Sunday, June 23, 2013

Half Rant Half truth

"Half measures availed us nothing" is a phrase I seemed to have heard somewhere? I guess in my world, it's a phrase I hear often. I think almost every single time I go to a meeting. If I'm paying attention I think it is on page 59.

This comes to mind as I think about when somebody tells me that they ran a marathon a 13.1!
Now, I don't want to come off as some kind of ass. But when did 13.1 become a marathon? Was there a meeting that I missed?  This follows the course of many of my thoughts over the past few years. The inflation of one's accomplishments is nothing new to sport and life. "Dude, I hooked with a total ten last night". Really? I bet she was a seven, max! My favorite all time inflation, is in recovery "when I got into recovery back in.................? " Wow you must have some time? Oh no, I can't stay sober for more than a month, I just keep coming back. I hear that shit all the time.......... I love it! Because they keep coming back. I sometimes wish they would shut the fuck up and listen. I myself thought that because I had not had a drink in two years that I was stone cold sober and went to the occasional meeting. That makes me chuckle now, I was smoking weed on a daily basis and dipping into other substances. But hey, "I didn't drink, I must be sober" That kind of thinking almost killed me. I am lucky. I had that moment of clarity that allowed me to reach out and ask those who really were sober to show me how.

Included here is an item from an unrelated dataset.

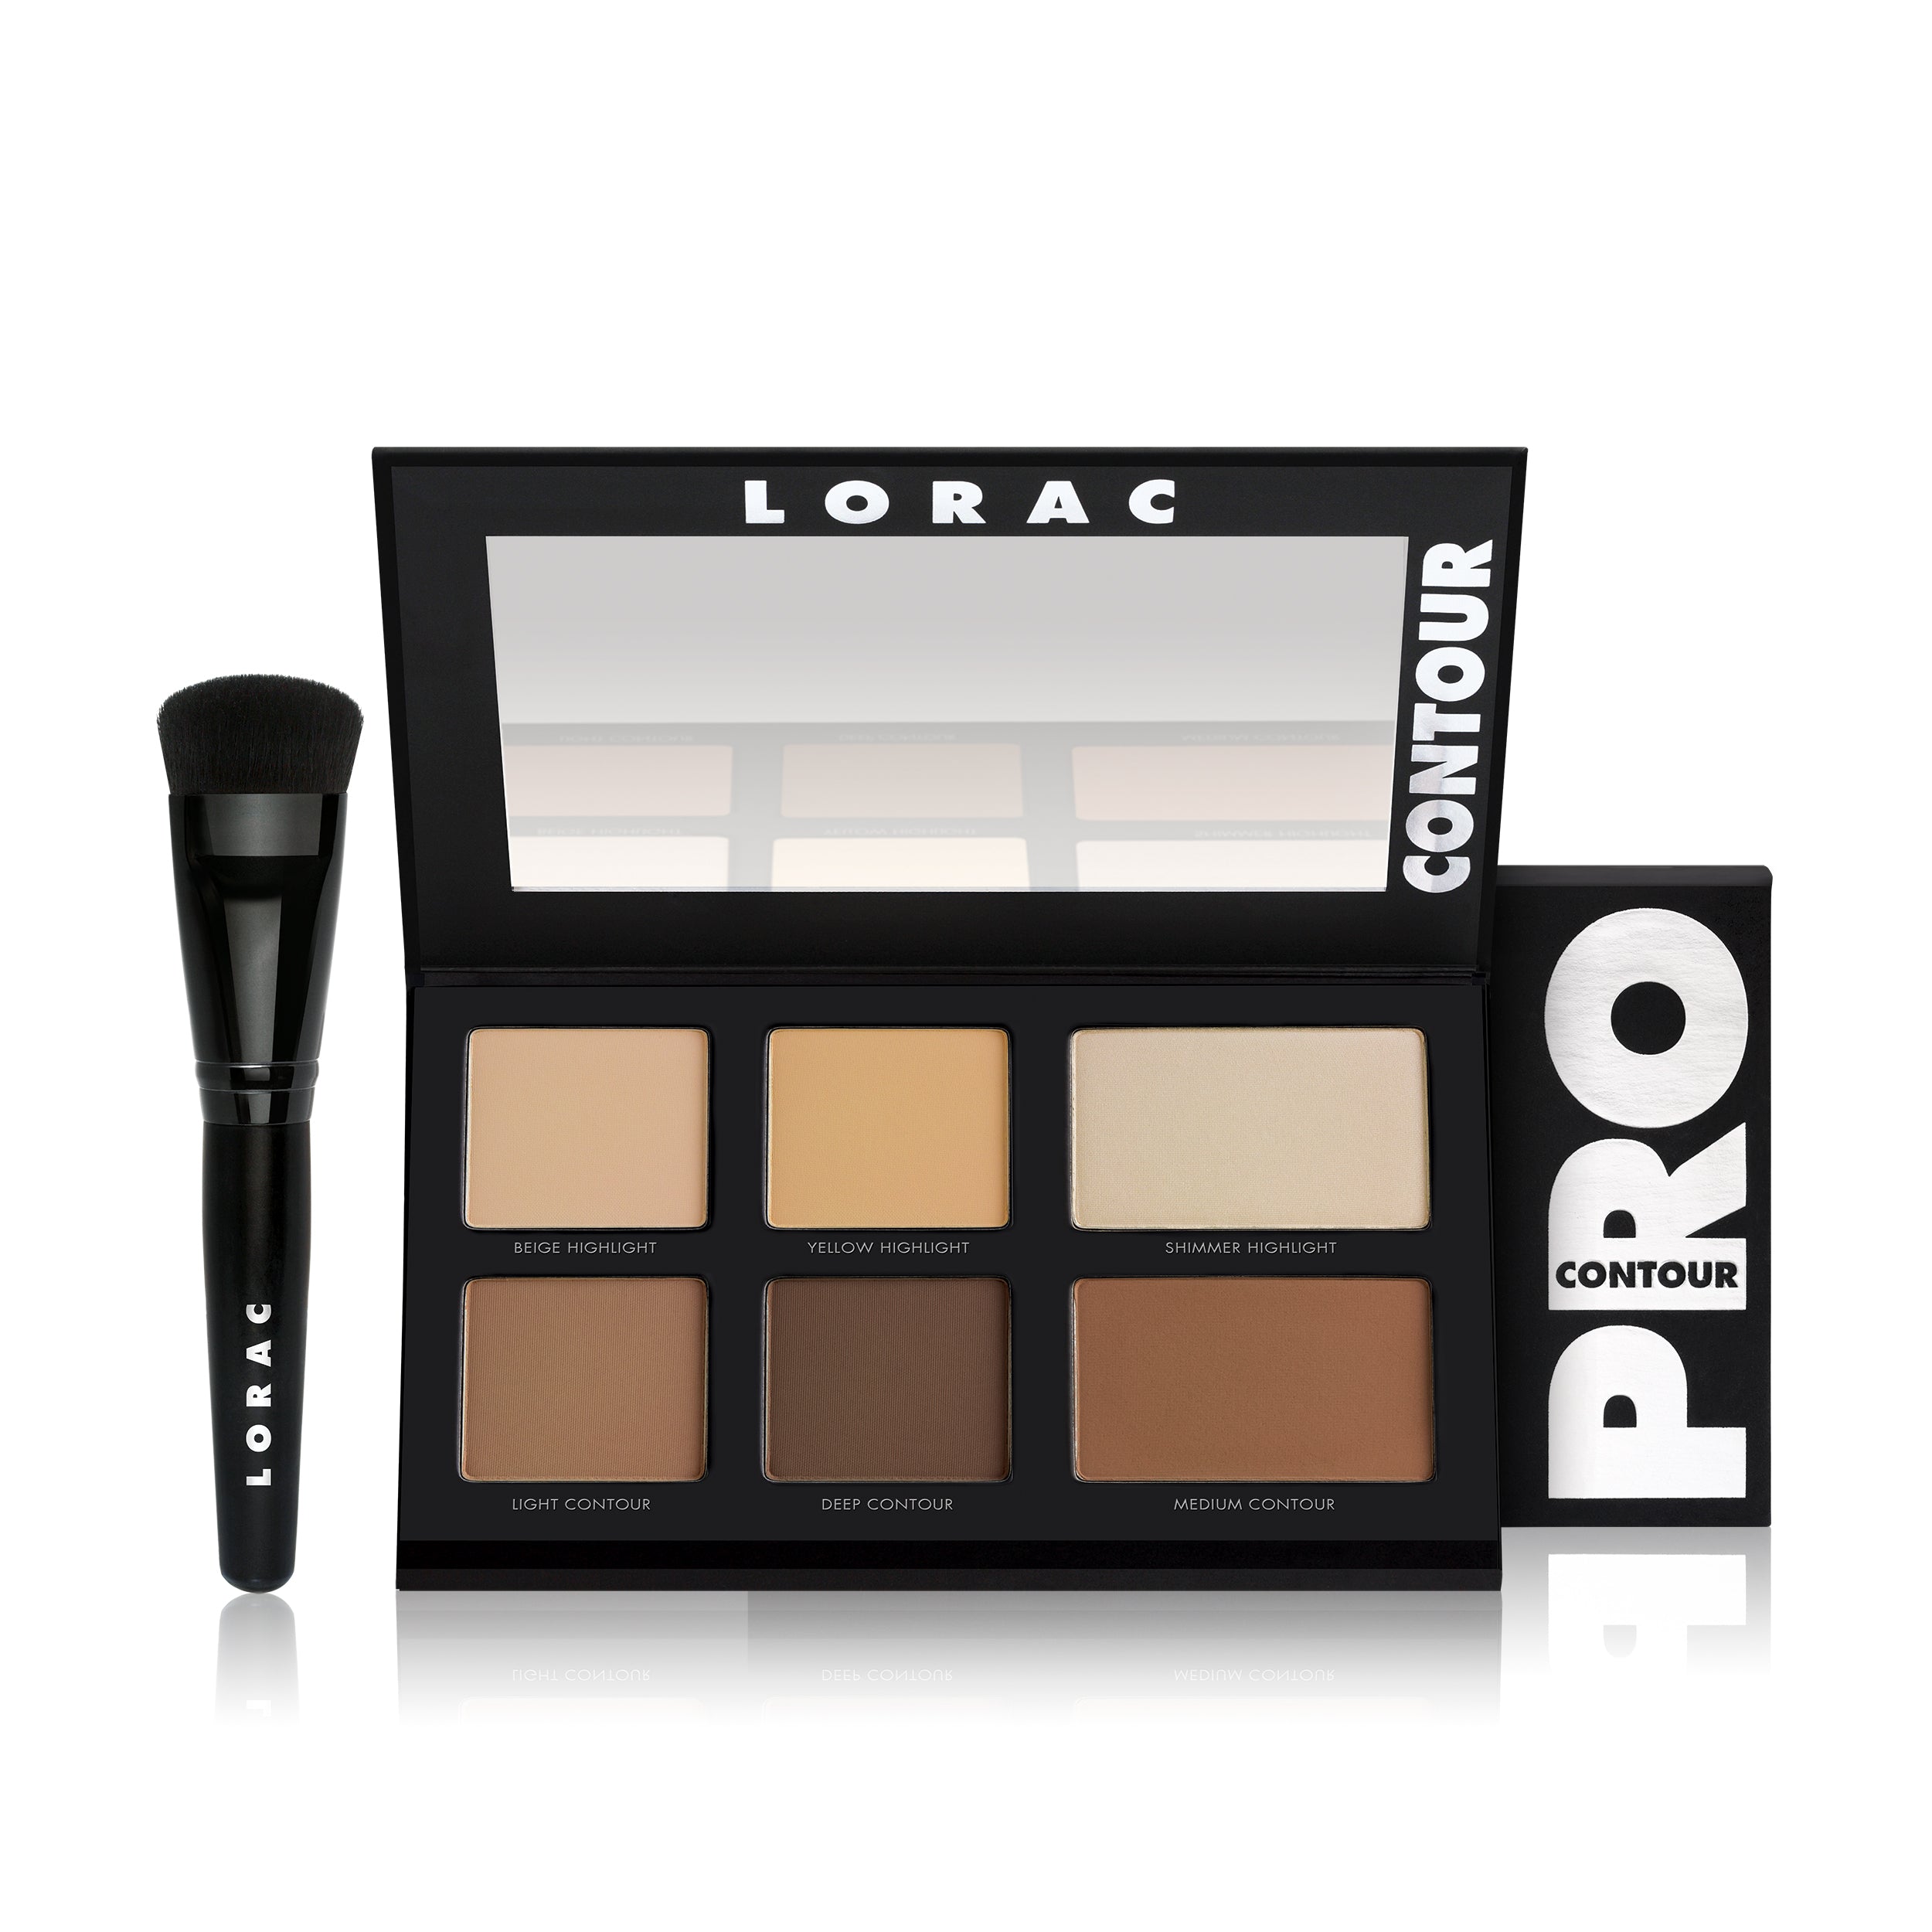 Preview, LORAC, Cosmetics, PRO, Contour, Palette, For, Summer, Fall, 2015

Now I'm no saint and am super guilty of talkin my shit up. But seriously when did running a 13.1 qualify as a marathon? I do cling to the philosophy that if you run a mile and walk a mile you are still
lapping everyone on the couch. As long as you are out there you are killing it!
 
This is where ego comes into play. Am I free from it, can I really live without it? I would like to think I could, but honest enough to know I can't. My ego is delicate dangerous creature. I am sensitive, I am rock hard. These are the dualities of my life.  But as long as I move forward I will be doing okay.